[THE TASK] The response should contain all of the data below, reproduced exactly, and no pictures.

[SOURCE MATERIAL]
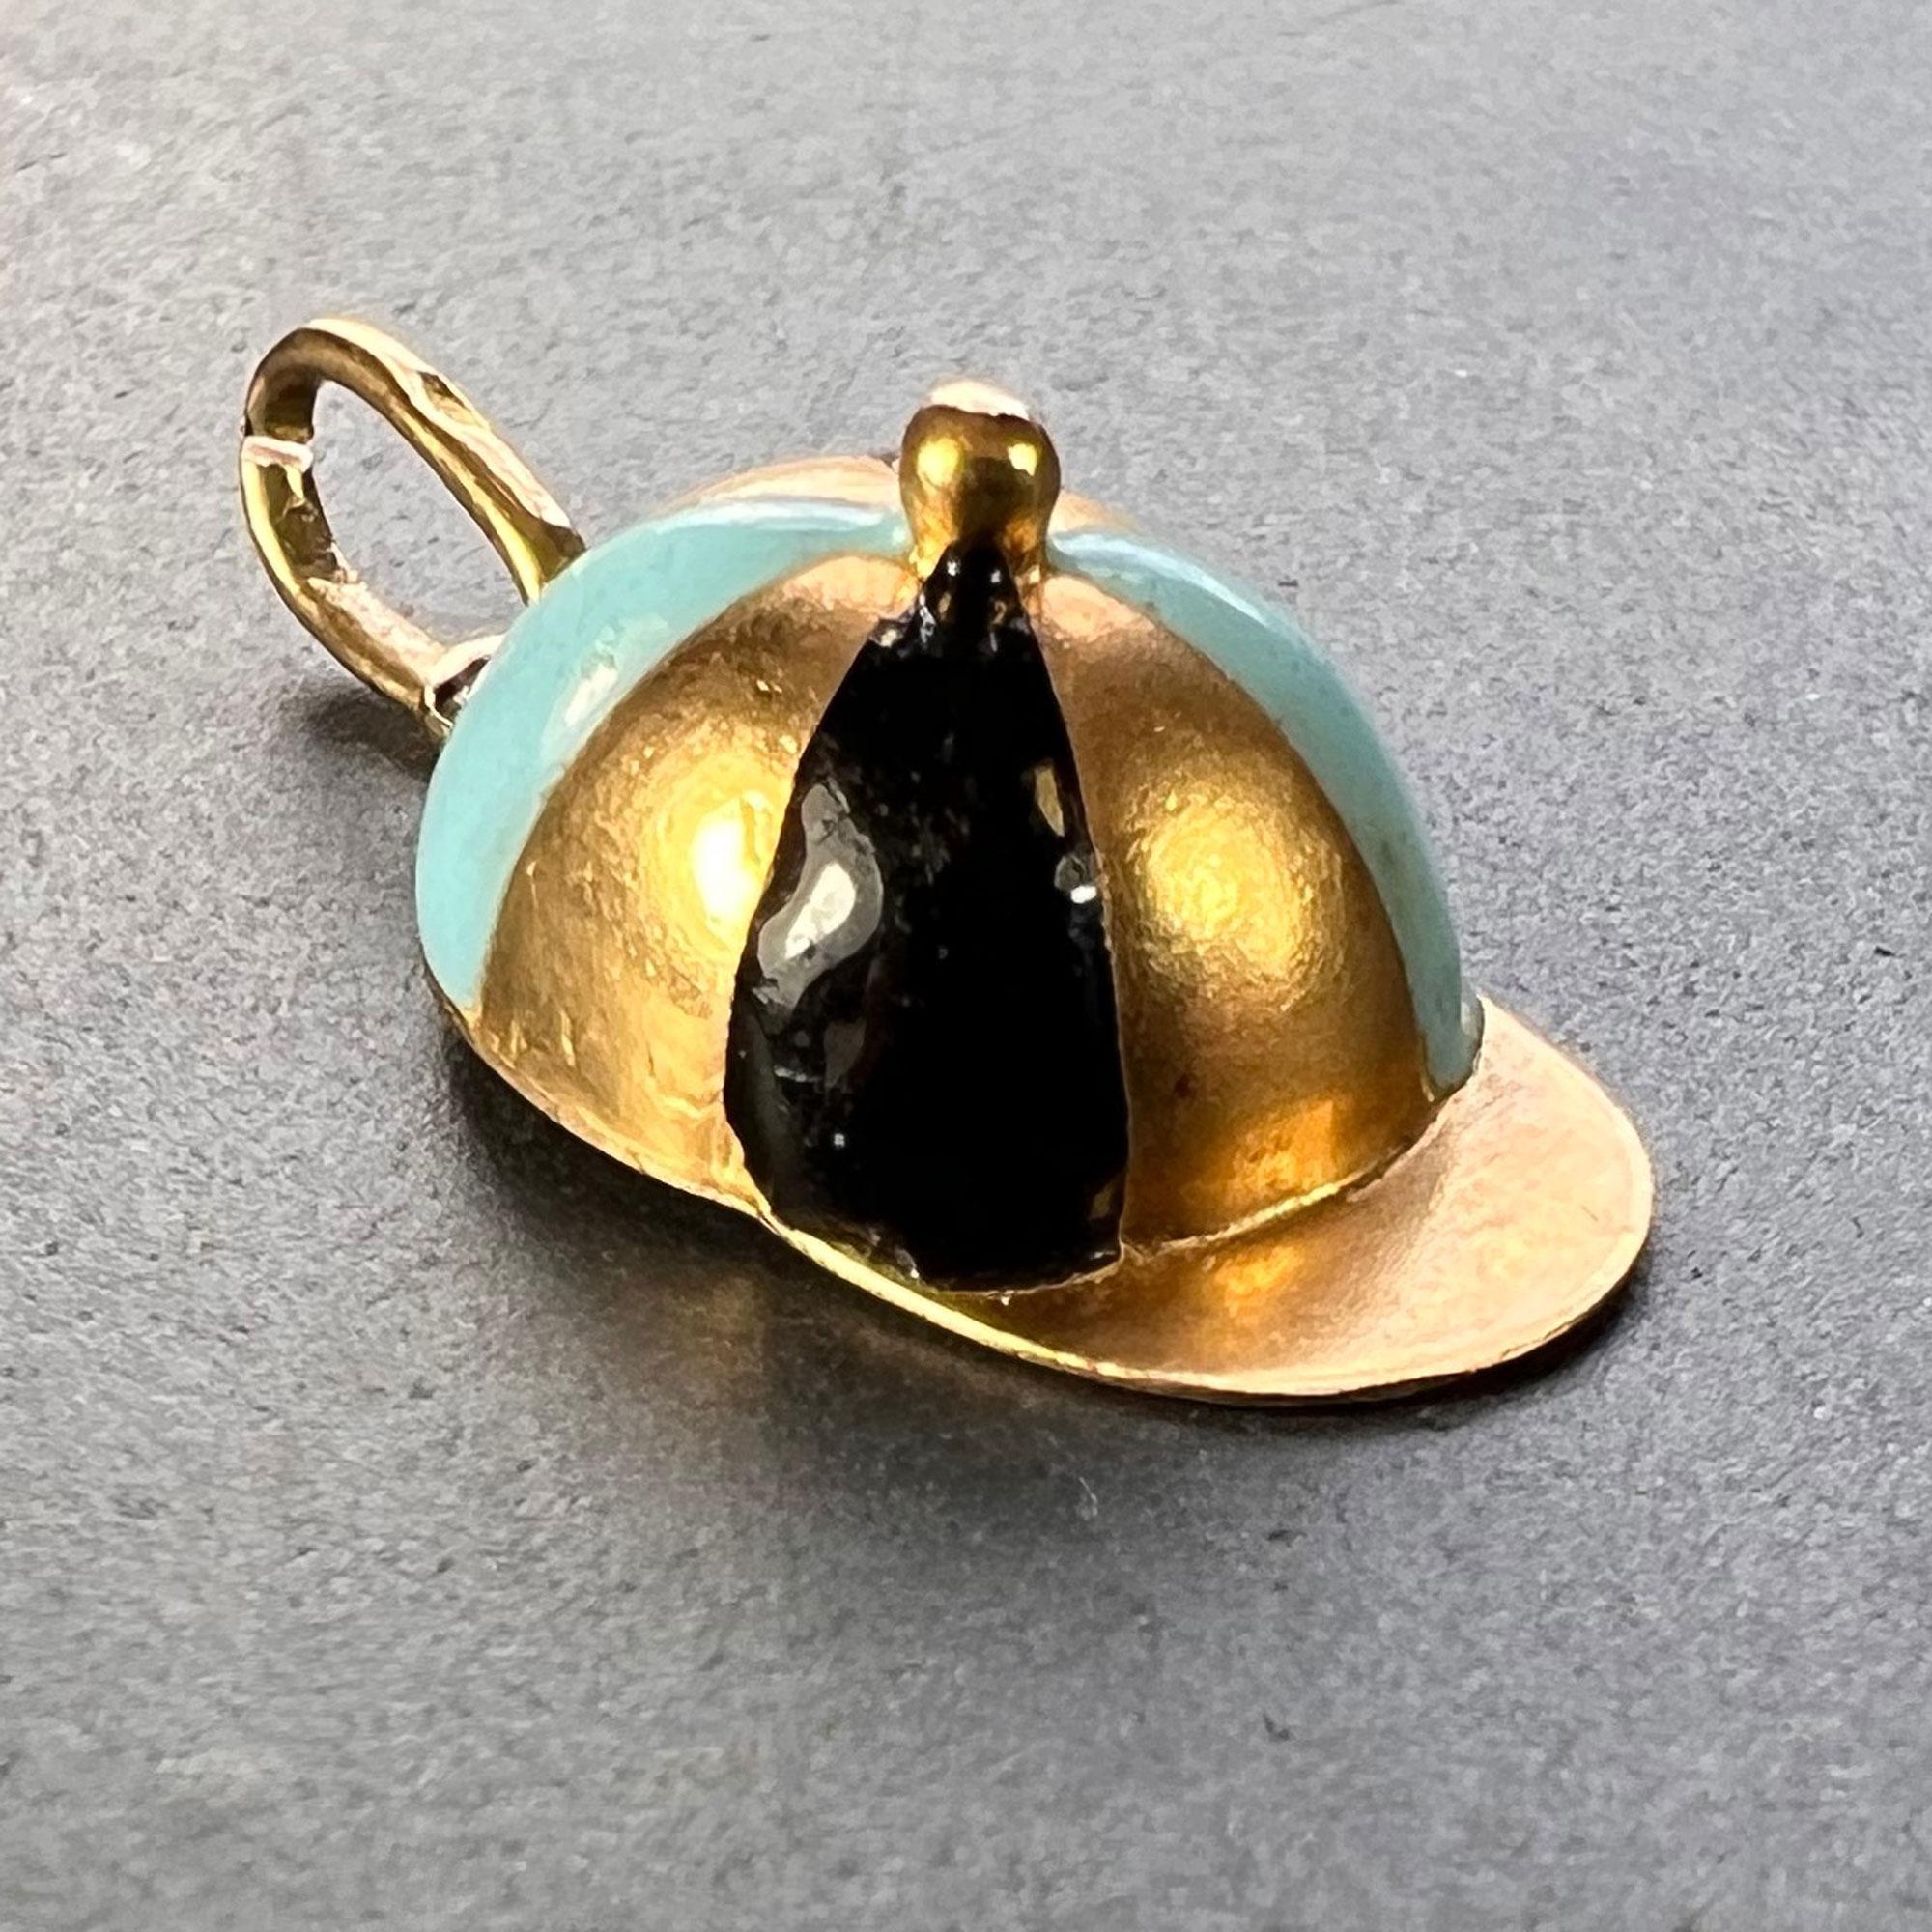 An 18 karat (18K) yellow gold charm pendant designed as a horse riding or jockey hat with blue and black enamel detail. Stamped 750 for 18 karat gold and 1 AR for Italian manufacture and Gori & Zucchi to the bail.
 
Dimensions: 2 x 1.1 x 0.8 cm (not
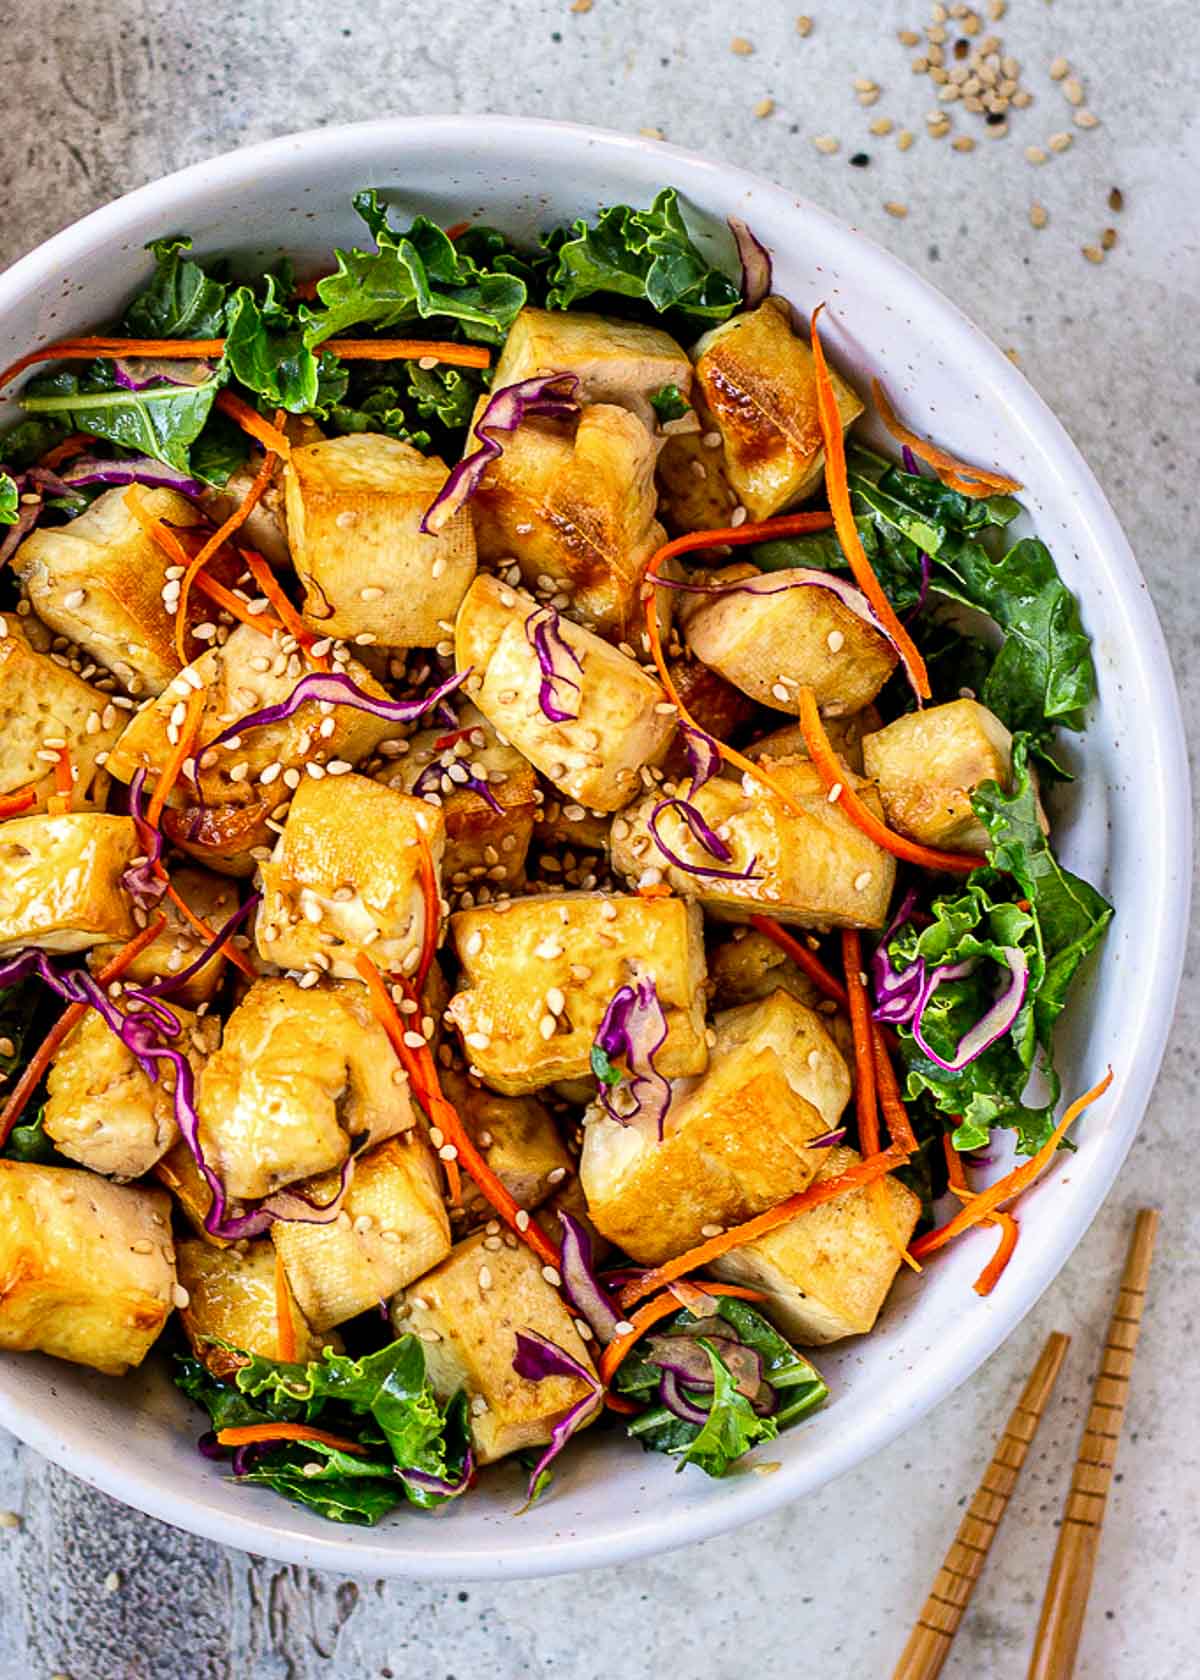 Bowl of crispy tofu surrounded by green leaves, red cabbage, carrots and chopsticks.
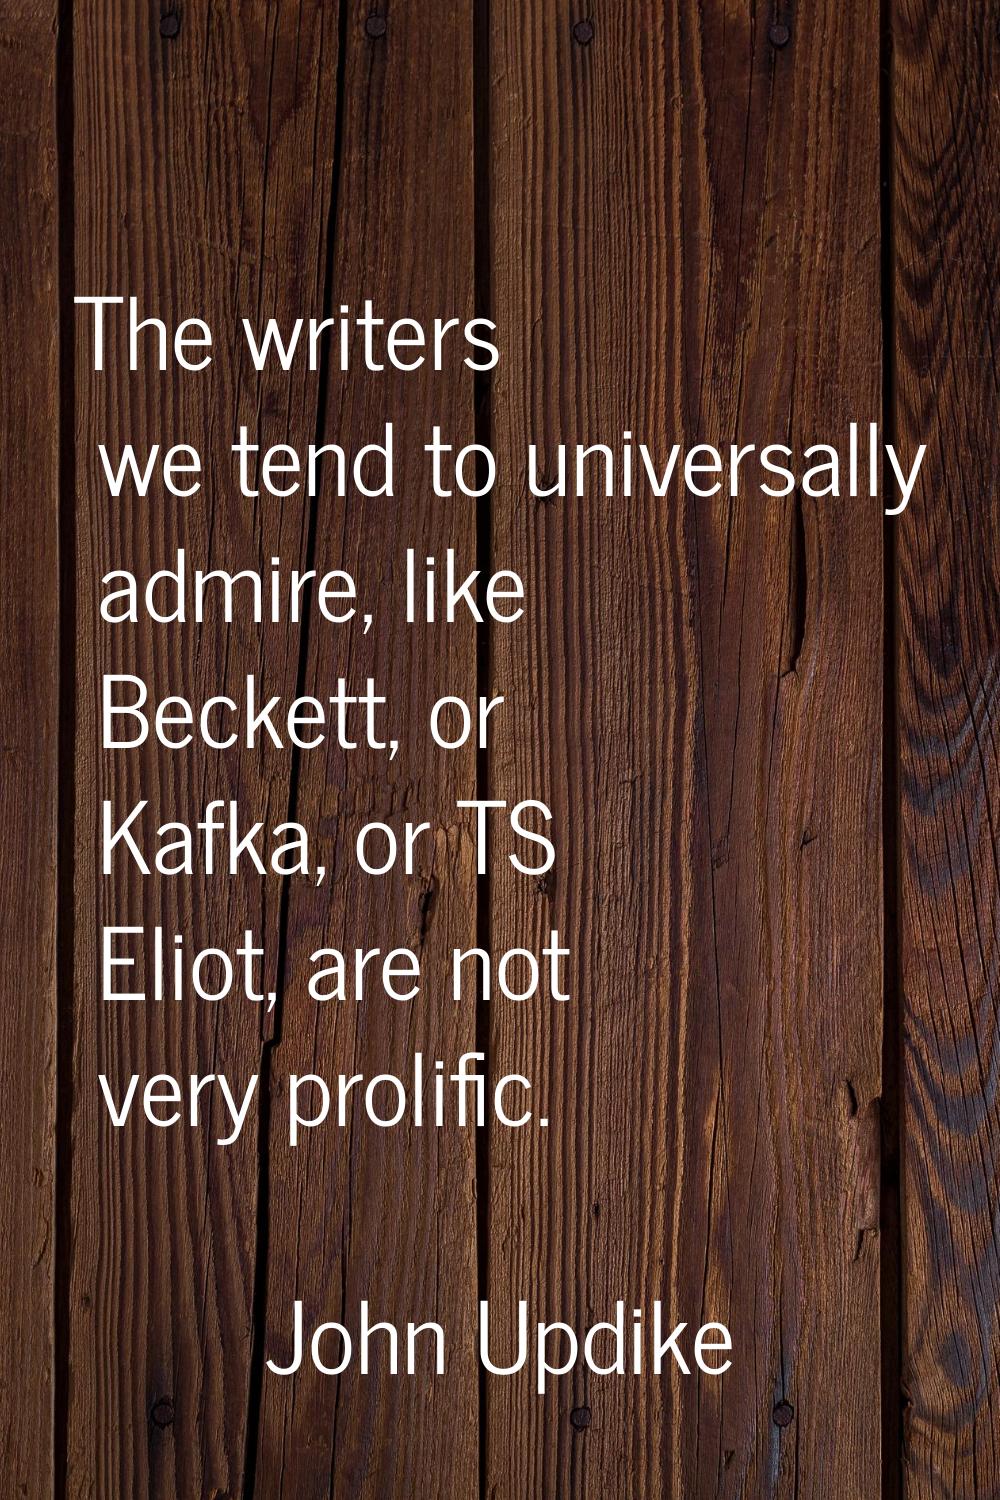 The writers we tend to universally admire, like Beckett, or Kafka, or TS Eliot, are not very prolif

[ANSWER SPACE]
 An 18 karat (18K) yellow gold charm pendant designed as a horse riding or jockey hat with blue and black enamel detail. Stamped 750 for 18 karat gold and 1 AR for Italian manufacture and Gori & Zucchi to the bail.
 
Dimensions: 2 x 1.1 x 0.8 cm (not
 Bowl of crispy tofu surrounded by green leaves, red cabbage, carrots and chopsticks.
 The writers we tend to universally admire, like Beckett, or Kafka, or TS Eliot, are not very prolif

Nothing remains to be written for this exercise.